Embora o PL 2.985/2023 ainda esteja em tramitação no Congresso e possa sofrer alterações na Câmara, flexibilizações ou até ser arquivado, o texto atual revela uma clara sinalização política e social sobre a direção que a publicidade de apostas pode tomar no Brasil.

Diante disso, os operadores devem adotar uma postura proativa e preventiva, incorporando boas práticas que reduzam riscos regulatórios e fortaleçam sua reputação junto ao público e aos órgãos fiscalizadores:

* Mapeie todos os canais de marketing utilizados atualmente, com atenção especial a campanhas com influenciadores, mídia programática e patrocínios esportivos.

* Reforce as diretrizes internas de compliance publicitário, mesmo sem obrigação formal, adotando políticas similares às de setores regulados como bebidas alcoólicas e produtos financeiros.

* Implemente sistemas robustos de verificação de idade e consentimento, especialmente para push notifications, e-mails e campanhas digitais segmentadas.

* Reveja contratos com afiliados e influenciadores, incluindo cláusulas de adequação imediata caso novas restrições sejam implementadas.

* Invista em canais próprios e em first-party data, reduzindo a dependência de mídia de massa e construindo uma base de relacionamento mais qualificada.

* Acompanhe ativamente o processo legislativo e regulatório, com apoio jurídico e institucional, para se antecipar a mudanças e adaptar-se rapidamente.

Mesmo que o projeto não avance na forma como está, o movimento regulatório mais restritivo ao marketing de apostas já está em curso, e operar com responsabilidade e transparência não é apenas prudente — é estratégico.

Conclusão: Um alerta para o futuro do marketing no iGaming

O PL 2.985/2023 representa uma proposta ambiciosa e restritiva para o marketing de apostas no Brasil — e, embora seus objetivos estejam alinhados à proteção do consumidor e à promoção do jogo responsável, seus impactos operacionais e comerciais são significativos.

Ainda que o projeto esteja em tramitação e possa ser modificado, flexibilizado ou até mesmo não prosperar, ele já serve como alerta para os operadores: a tendência é de um ambiente publicitário mais controlado, com foco em transparência, segmentação e responsabilidade social.

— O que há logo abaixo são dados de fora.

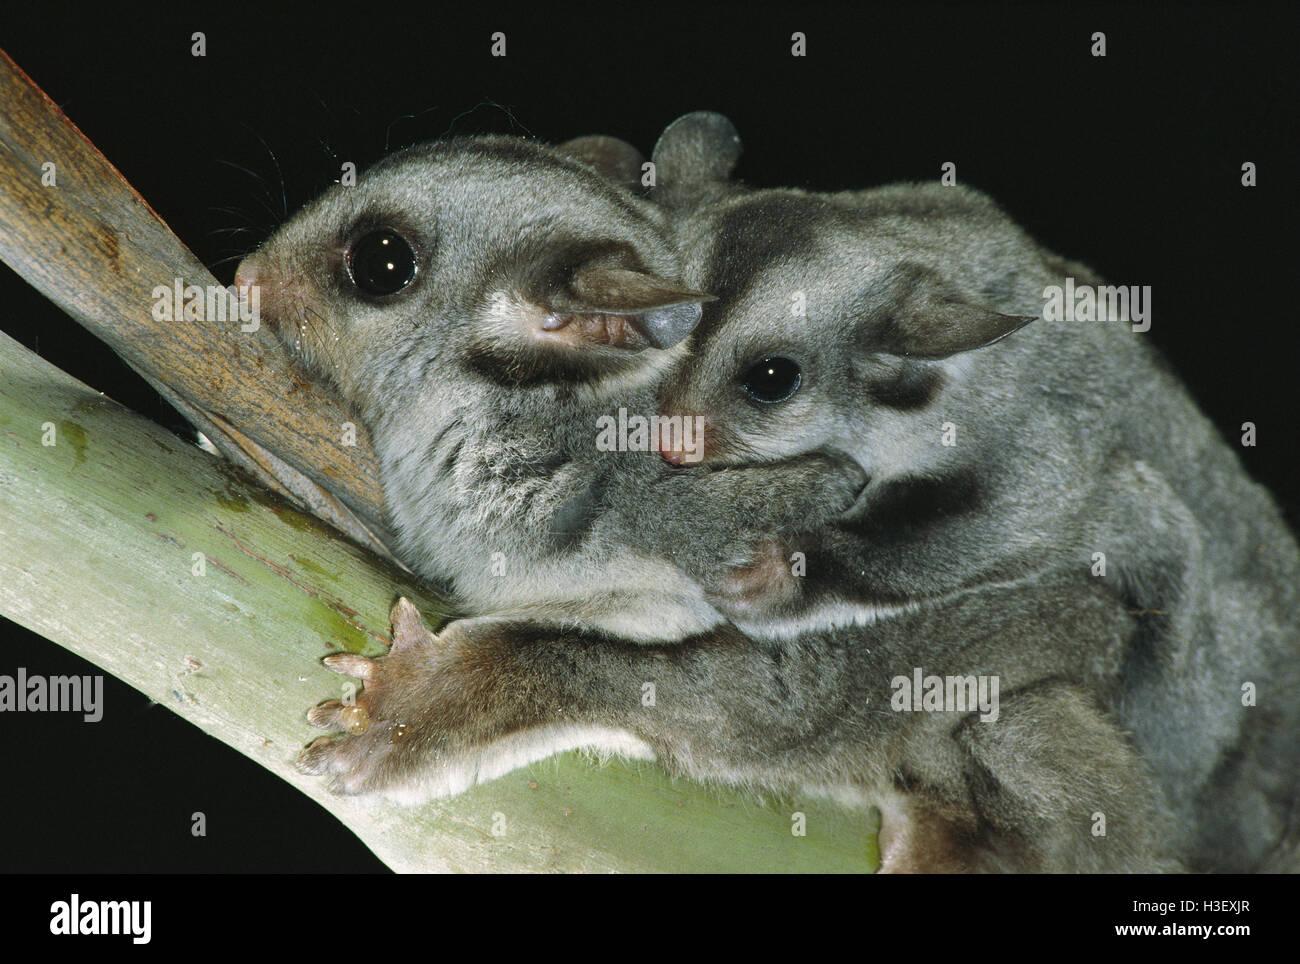 Sugar glider (Petaurus breviceps) - Stock Image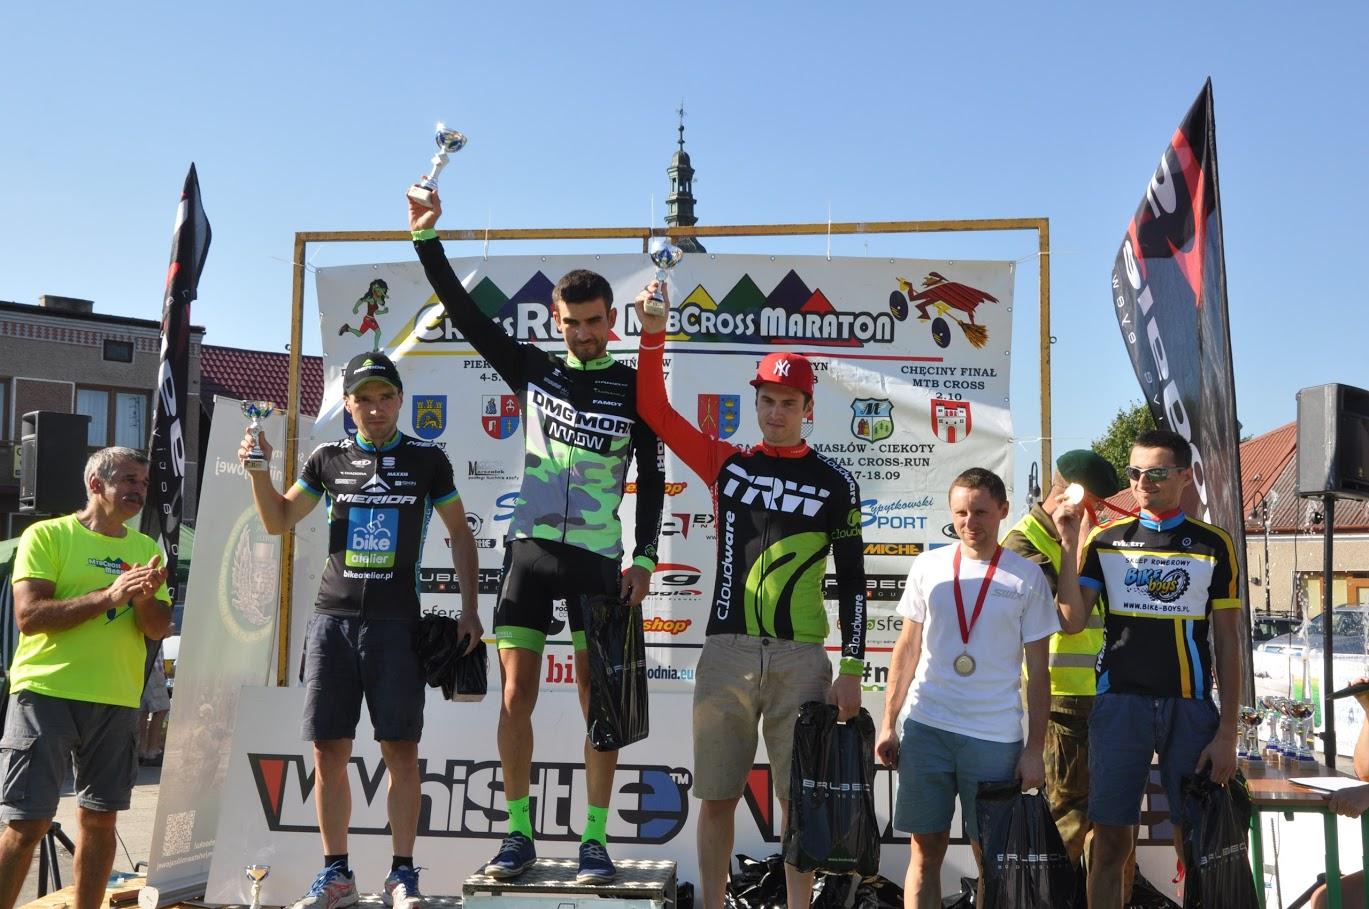 Kamil Pomarański (DMG Mori Cyclo Trener Team) – ŚLR MTB Cross Marathon, Bodzentyn

Por isso, mesmo sem a aprovação imediata do PL, as casas de apostas devem começar a repensar suas estratégias:

* Reduzir a dependência de mídia de massa e influenciadores;

* Priorizar canais próprios, CRM e first-party data;

* Implementar políticas de publicidade responsável, mesmo antes da obrigação legal.

Em um mercado regulado cada vez mais maduro, quem estiver à frente das exigências — e não apenas reagindo a elas — terá vantagem competitiva e reputacional.